Pro-endocrine and β-cell-associated meta-modules contain many putative transcriptional regulators

To make it easy for others to explore potential gene-gene associations, we extracted sub-networks for all genes in each meta-module, as well as sub-networks of transcriptional regulators for each meta-module. As a second example of GCN utility, we used two of these sub-networks to explore transcriptional regulators in meta-modules J and D, which contain genes preferentially expressed during endocrine differentiation and mature β-cells. Although these sub-networks contain many established pro-endocrine and β-cell-specific TFs, they also revealed many uncharacterized ZFPs. We identified and described 81 ZFPs in meta-modules J and D that could play yet-to-be-defined roles in endocrine specification and β-cell maturation (Table S4). Similar analysis of the meta-modules associated with definitive endoderm or pancreatic endoderm specification could also yield new targets for understanding endoderm differentiation.

Exploring the function of three ZFPs in pancreas development

Finally, to demonstrate the functional importance of several of the ZFPs in meta-modules J and D in pancreas and/or endocrine development, we selected Zfp800, Jazf1 and Zfp92 for a more detailed analysis. These selections were based on their location in the network, regulation by Neurog3, and possible association with T2D. Zfp800, Jazf1 and Zfp92 each contain classical C2H2 zinc finger DNA-binding domains, with Zfp92 also containing a repressive KRAB domain. In adult tissues, Zfp800 is broadly expressed but has high levels of expression in the pancreas, and both Jazf1 and Zfp92 are highly expressed in pancreatic islets, with Jazf1 also being expressed in other tissues at lower levels. According to our developmental GCN, Zfp800 begins to be expressed at E10.5, peaks at E15.5 in endocrine cells, and is maintained in adult β-cells. Jazf1 and Zfp92 become highly expressed in E15.5 endocrine cells, and peak in nascent β-cells at E16.5 and adult β-cells, respectively. These variations may provide clues to the function of each protein. For instance, Zfp800 may be required during early development, whereas Jazf1 and Zfp92 may be more important for later stages of development and cellular function of adult β-cells. Moreover, a high degree centrality measure for Zfp800 suggests that this gene may play a more important functional role (Azuaje, 2014).

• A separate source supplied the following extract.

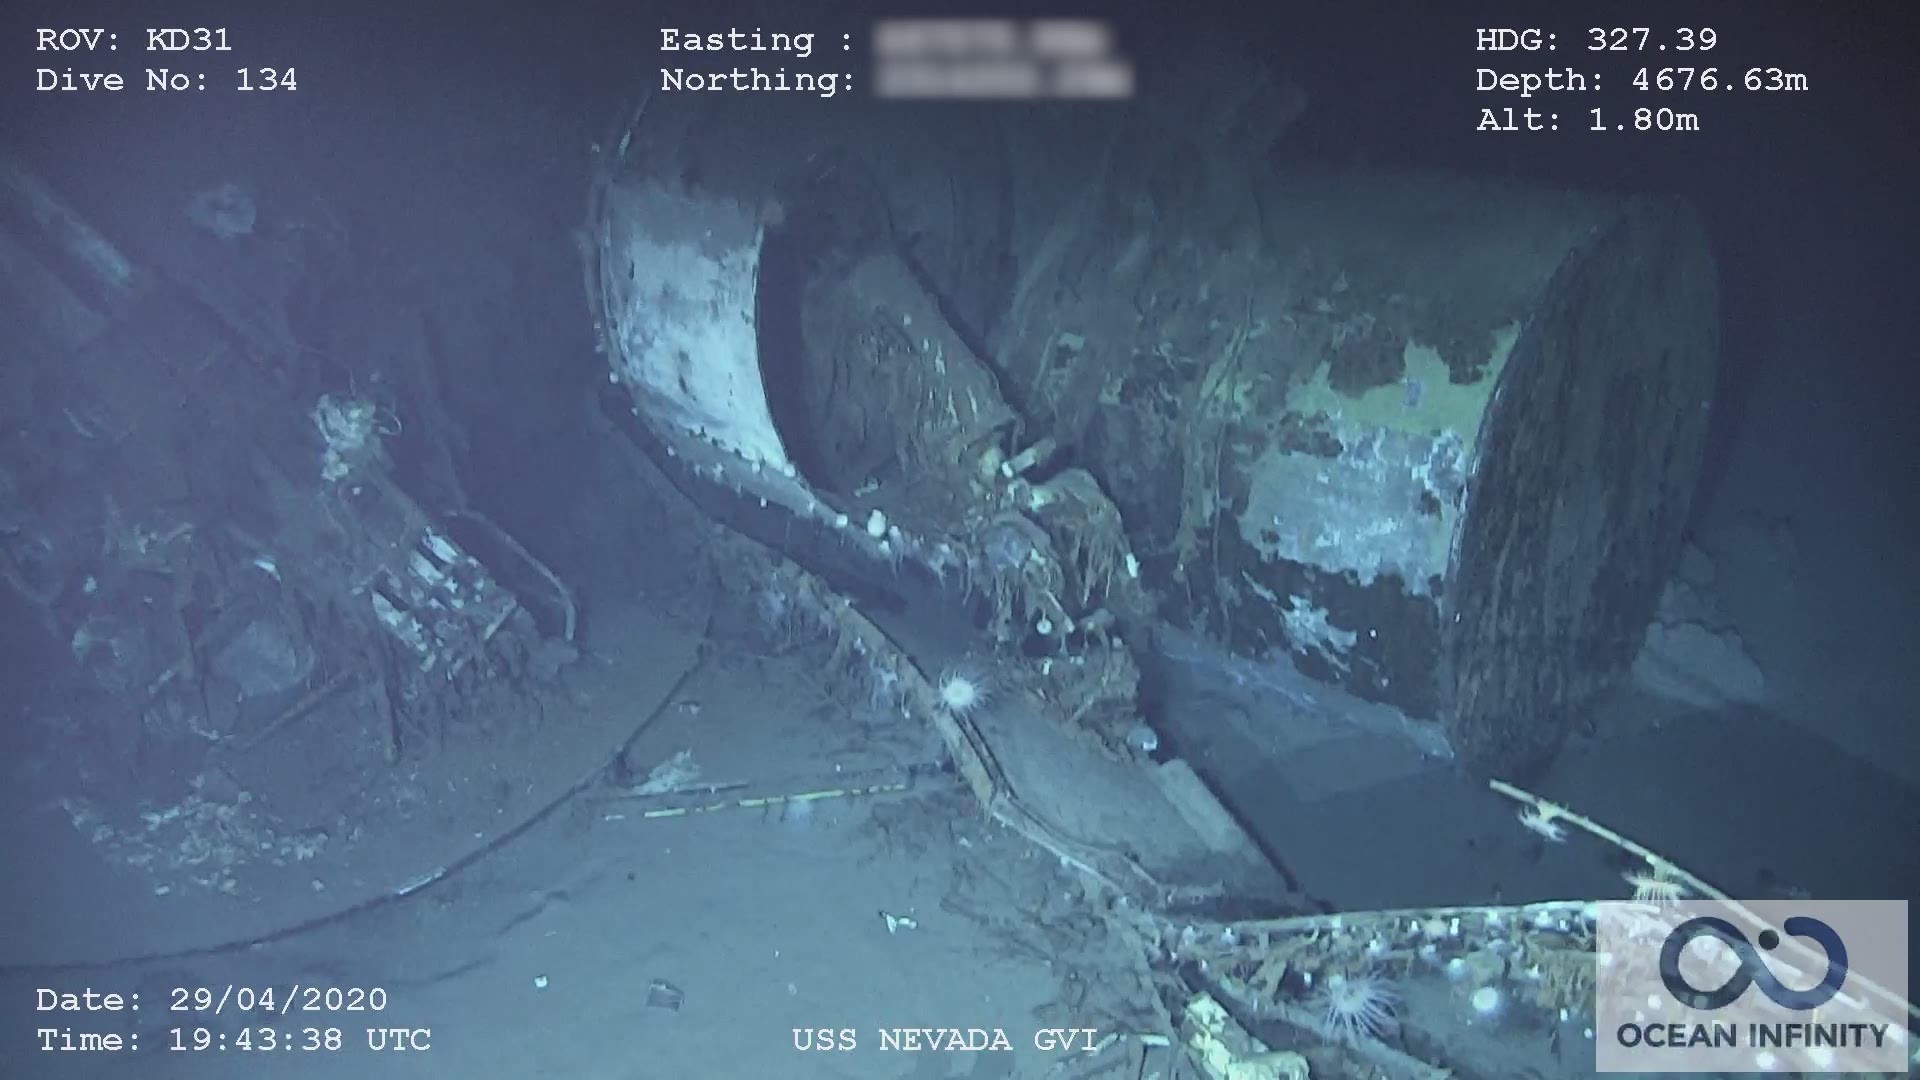 The iconic battleship that saw action in both World Wars and was used for atomic bomb testing, now found in Pacific with state-of-the-art subsea technology.

In support of this network-based prediction, we found that Zfp800 knockout animals exhibited early postnatal lethality whereas Jazf1 and Zpf92 knockouts survive into adulthood. Although the deletion of Jazf1 and Zfp92 did not cause any profound developmental phenotypes, these proteins may contribute to the function of adult pancreatic endocrine cells, or in other tissues. Indeed, recent studies of β-cell specific Jazf1 knockout mice have revealed a role for Jazf1 in regulating ribosomal protein synthesis and protection against endoplasmic reticulum stress-induced apoptosis (Kobiita et al., 2020). Interestingly, a role for Jazf1 was only revealed when the knockout allele was analyzed in the context of the highly diabetogenic Akita mutation.

Zfp800 is crucial for pancreas development

Our observations of early postnatal lethality of mice lacking Zfp800, a decrease in the number of pancreatic endocrine cells, and disturbances in pancreatic exocrine cell morphology, indicate that Zfp800 has a crucial, albeit undefined, role in the development and/or function of the pancreas, and possibly other tissues as well. Although expression of many pancreatic genes was decreased in the absence of Zfp800, the downregulation of Ptf1a is noteworthy because Ptf1a regulates acinar cell maturation as well as pancreatic MPCs at earlier developmental time points (Kawaguchi et al., 2002). As Zfp800 is expressed in Ptf1a-expressing MPCs that develop into endocrine, ductal and acinar cell types, a decrease in Ptf1a expression in the MPC lineage in Zfp800 knockouts could be a factor that affects later development of all pancreatic lineages (Fukuda et al., 2008). Similarly, alterations seen in the expression of both Arx and Isl1 are likely to affect the development of pancreatic endocrine cells by altering the production of specific endocrine cell types (Bastidas-Ponce et al., 2017).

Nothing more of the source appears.